Under the rules governing public benefit NPOs, “charitable” purposes is broadly defined, and includes relief of the poor, the distressed, or the underprivileged; advancement of religion; advancement of education or science; erecting or maintaining public buildings, monuments, or works; lessening the burdens of government; lessening neighborhood tensions; eliminating prejudice and discrimination; defending human and civil rights secured by law; and combating community deterioration and juvenile delinquency. These NPOs are typically referred to as “charitable organizations,” and eligible to receive tax-deductible contributions from donors.
To be organized for a charitable purpose and qualify for tax exemption, the NPO must be a corporation, association, community chest, fund or foundation; individuals do not qualify. The NPO’s organizing documents must restrict the organization’s purposes exclusively to exempt purposes. A charitable organization must not be organized or operated for the benefit of any private interests, and absolutely no part of the net earnings may inure to the benefit of any private shareholder or individual.

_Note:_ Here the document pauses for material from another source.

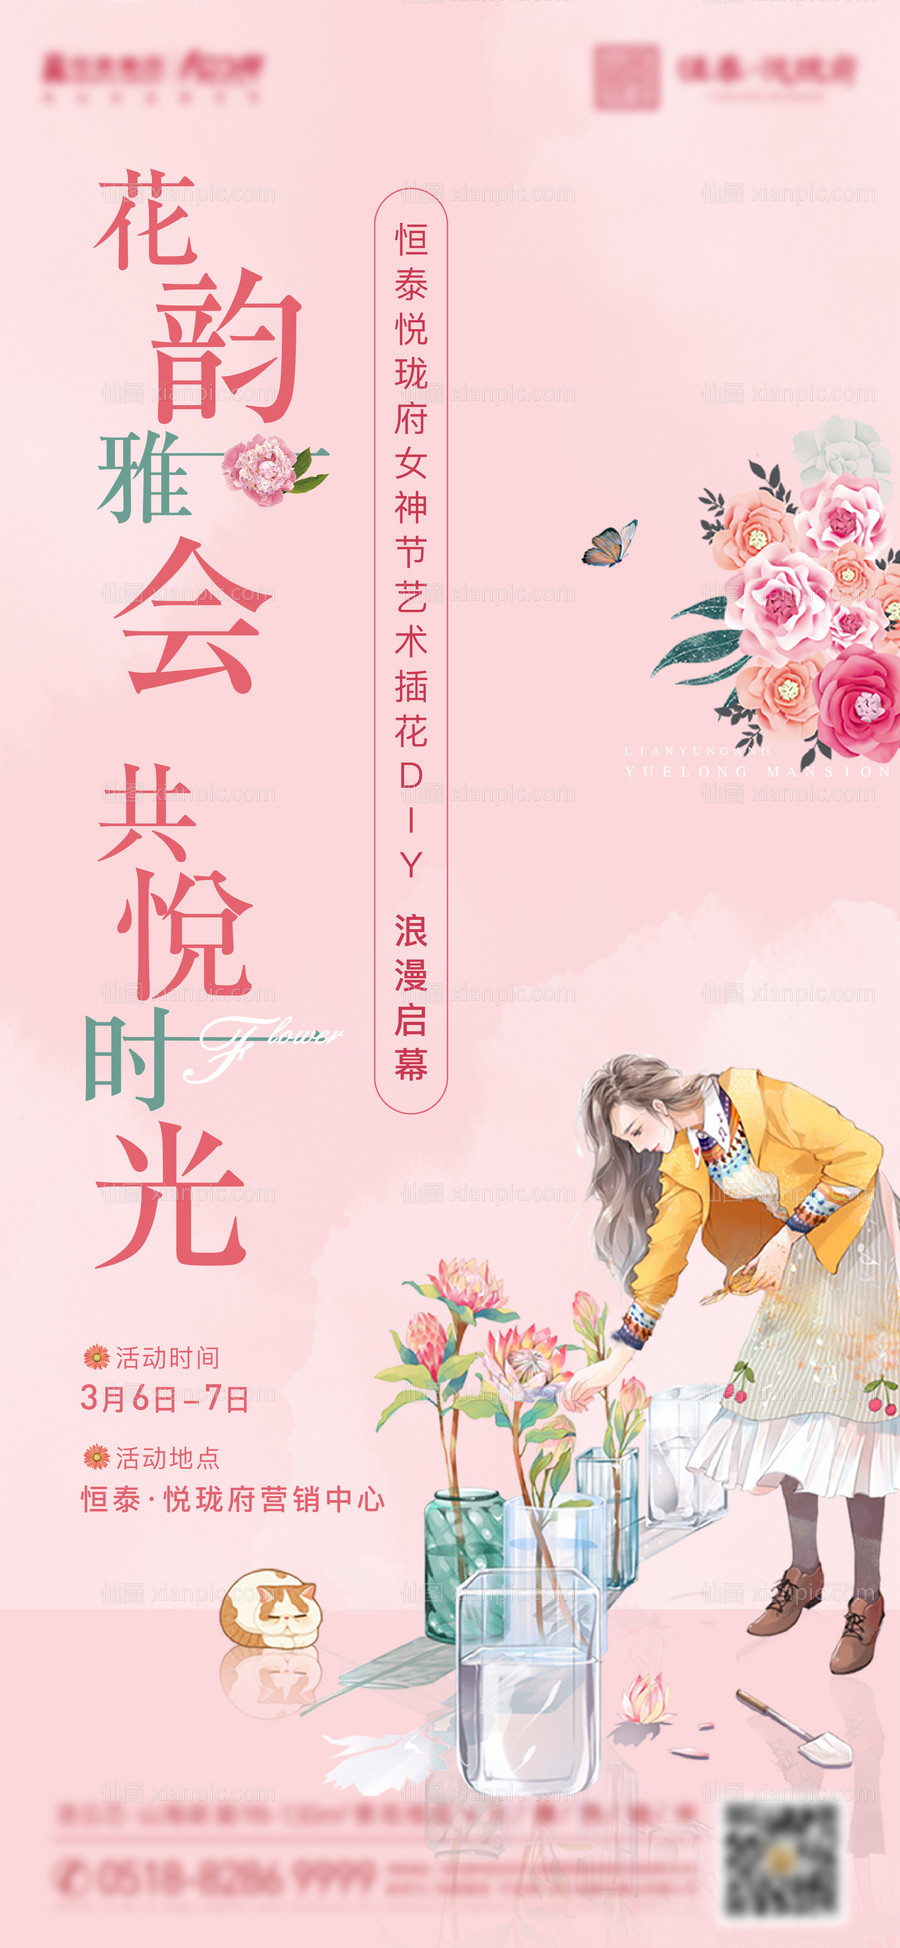 素材乐-女神节插花活动海报

Additionally, the NPO may not attempt to influence legislation as a substantial part of its activities, and it may not participate in any campaign activity for or against political candidates.

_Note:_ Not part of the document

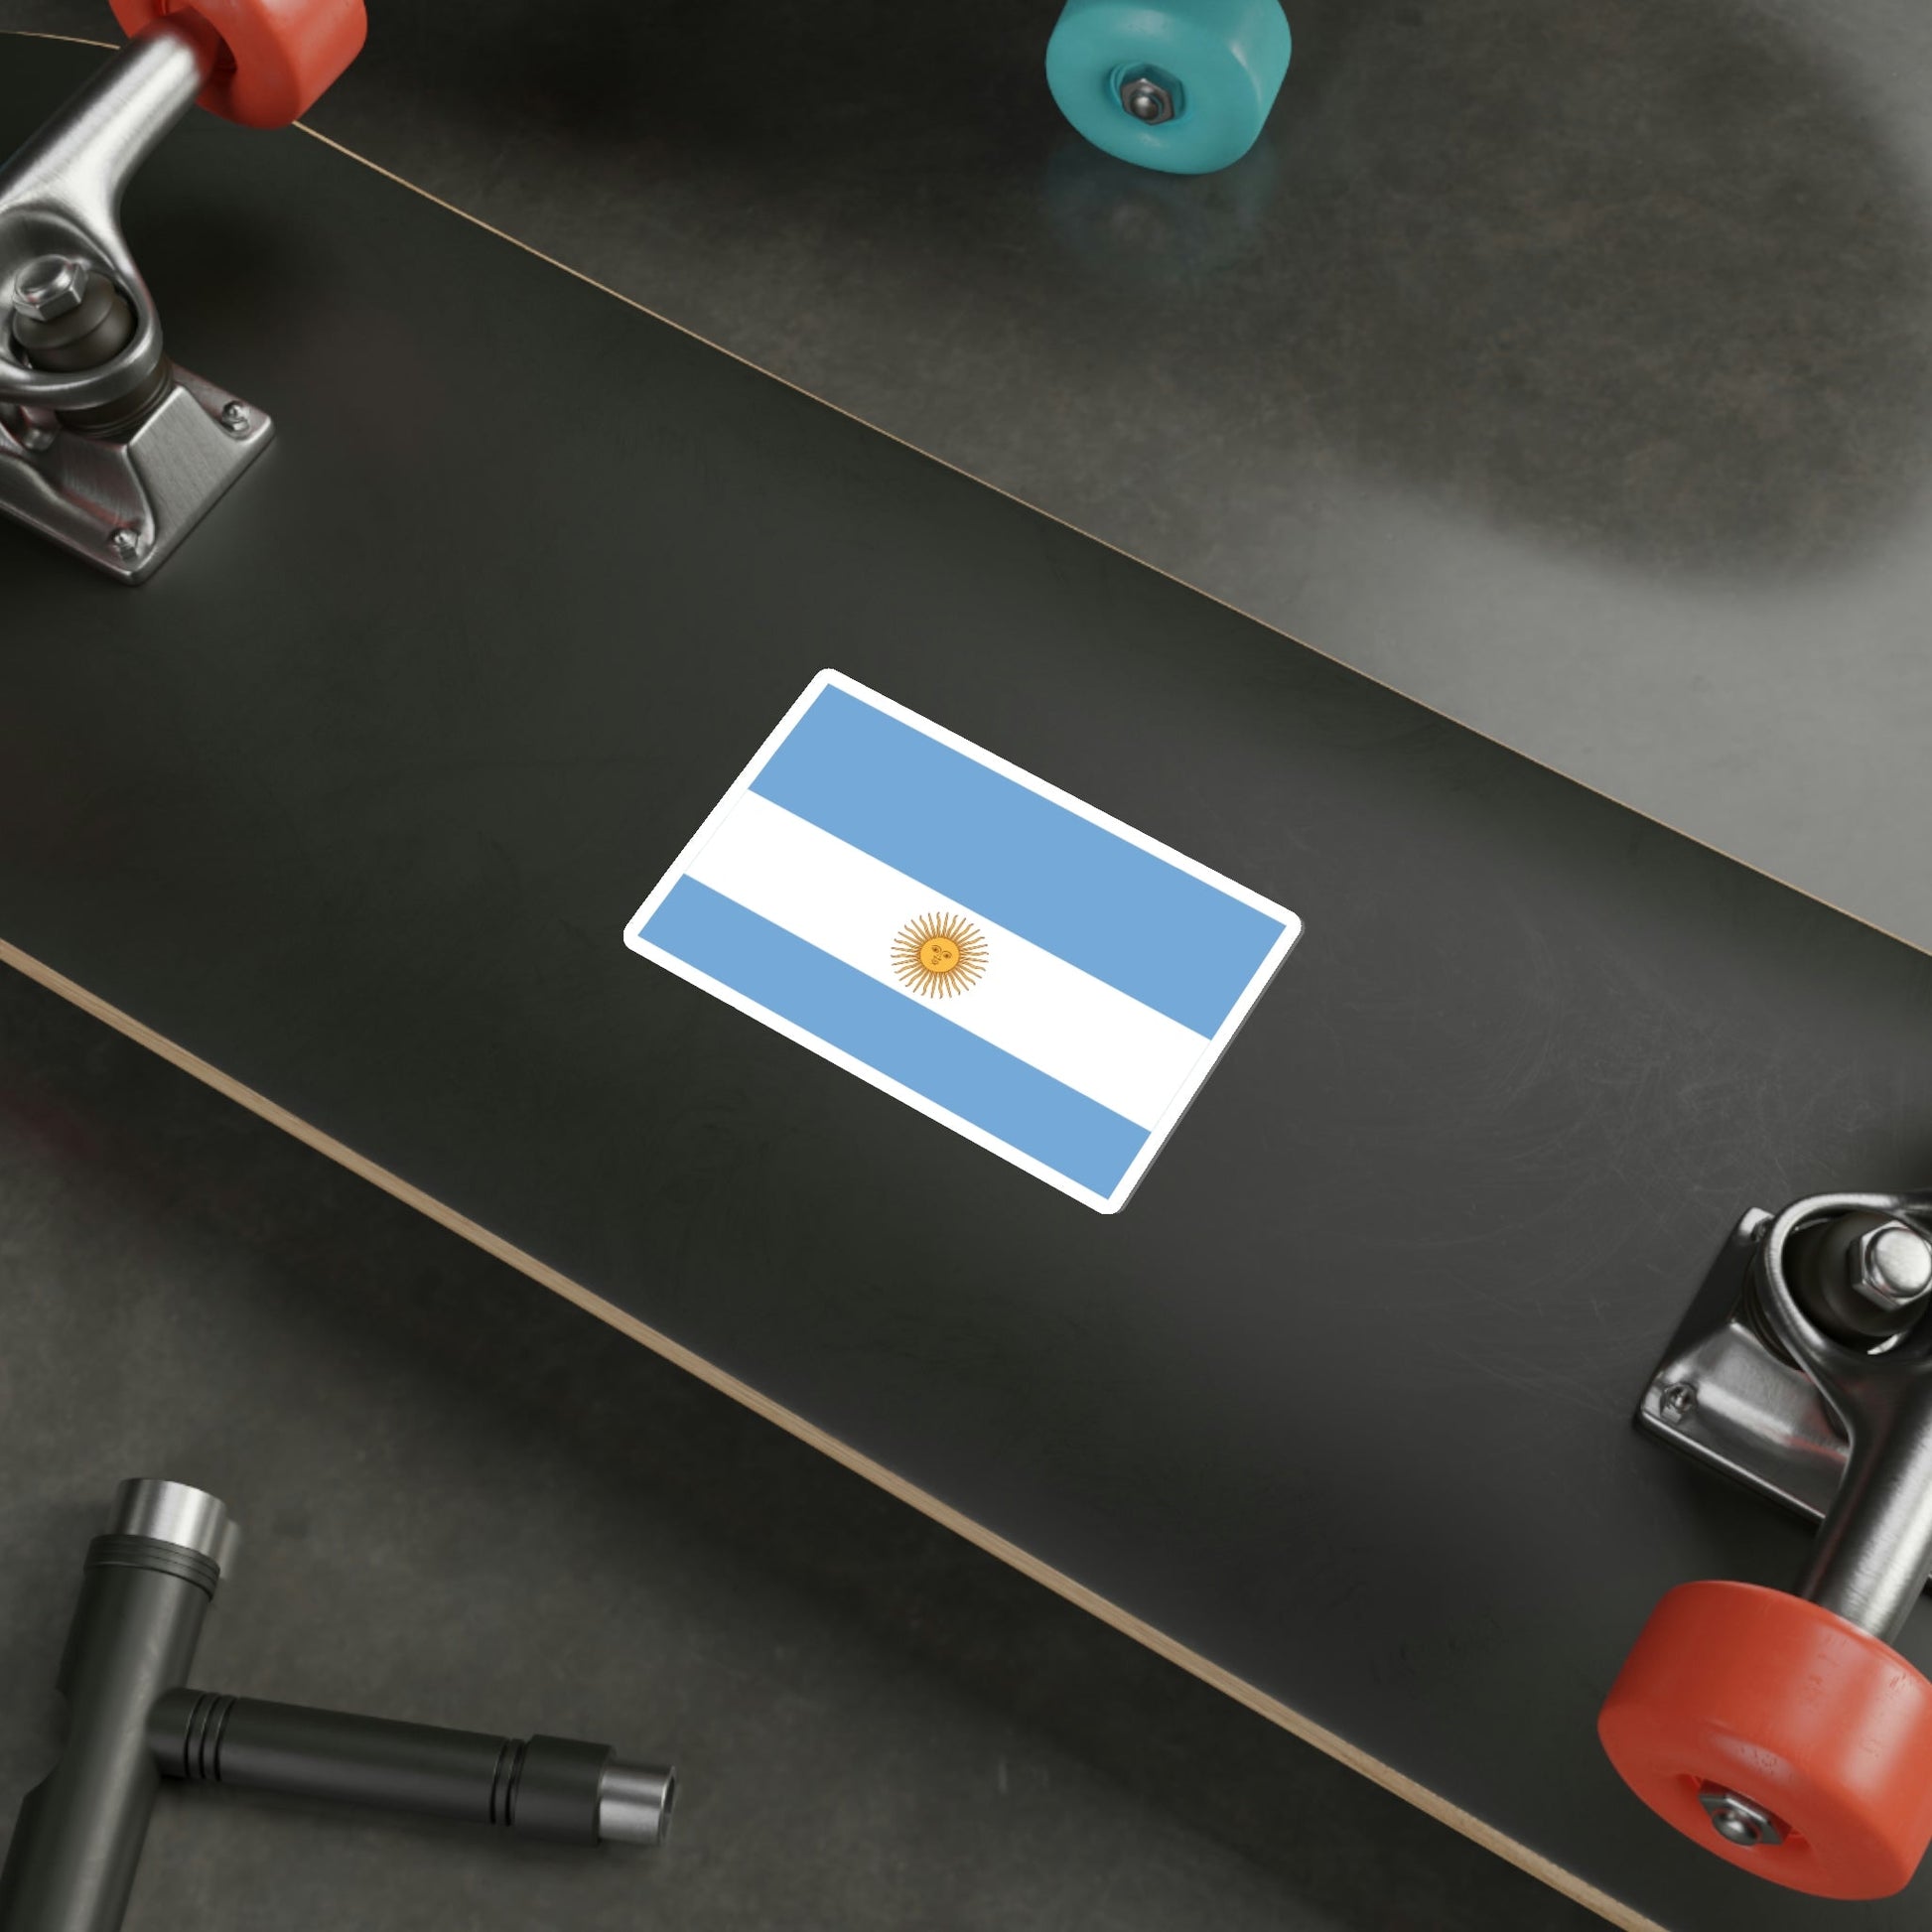 Flag de Marina Argentina 1818 STICKER Vinyl Die-Cut Decal-The Sticker Space

All assets of a public benefit non-profit organization must be permanently and irrevocably dedicated to an exempt purpose. If the charitable organization dissolves, its assets must be distributed for an exempt purpose, to the federal, state or local government, or another charitable organization. To establish that the NPO’s assets will be permanently dedicated to an exempt purpose, the organizing documents should contain a provision ensuring their distribution for an exempt purpose in the event of dissolution. If a specific organization is designated to receive the NPO’s assets upon dissolution, the organizing document must state that the named organization must be a section 501(c)(3) organization at the time the assets are distributed.

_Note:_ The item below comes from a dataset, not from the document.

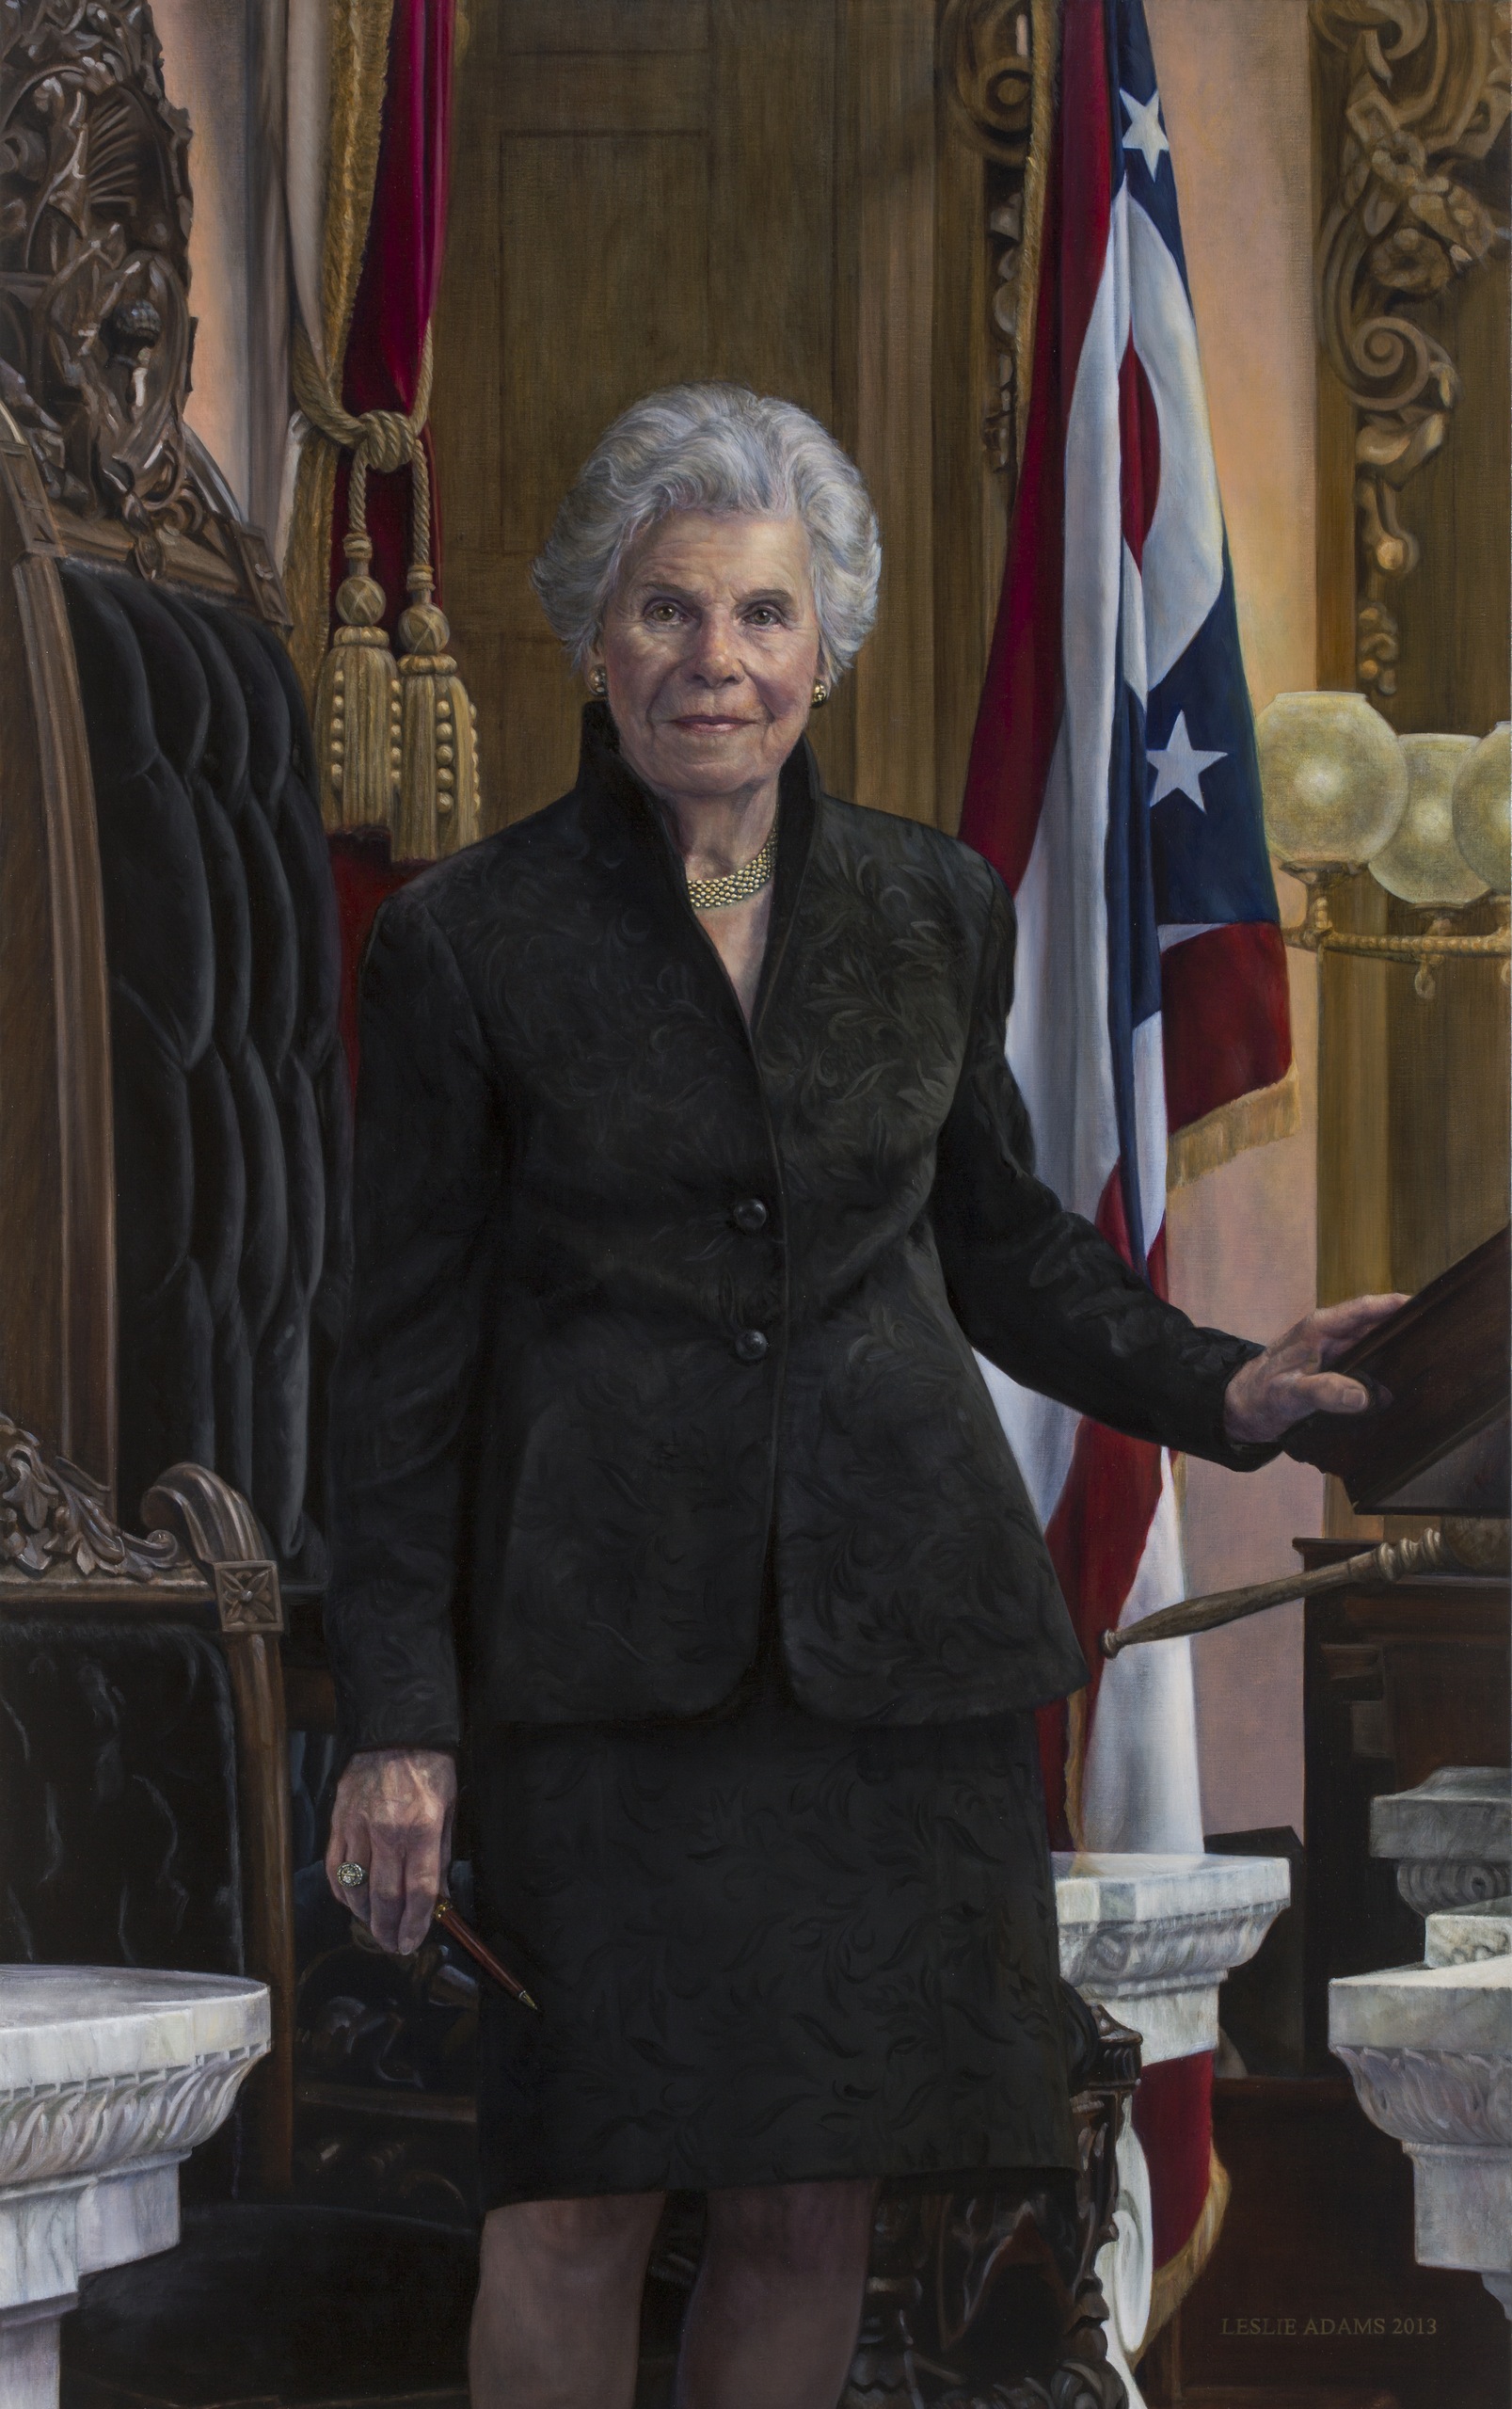 Davidson's official Ohio Statehouse portrait

If a charitable organization engages in an excess benefit transaction with someone who has substantial influence over the NPO, an excise tax may be imposed on the person and any NPO managers who agreed to the transaction. An excess benefit transaction occurs when an economic benefit is provided by the NPO to a disqualified person, and the value of that benefit is greater than the consideration received by the NPO.
To apply for tax exemption under section 501(c)(3), the NPO must file Form 1023 with the IRS, along with supporting documentation, including organizational documents, details regarding proposed activities and who will carry them out, how funds will be raised, who will receive compensation from the NPO, and financial projections. If approved, the IRS will issue a Letter of Determination. Public charities must also apply for exemption from state taxing authorities, a process which varies from state to state.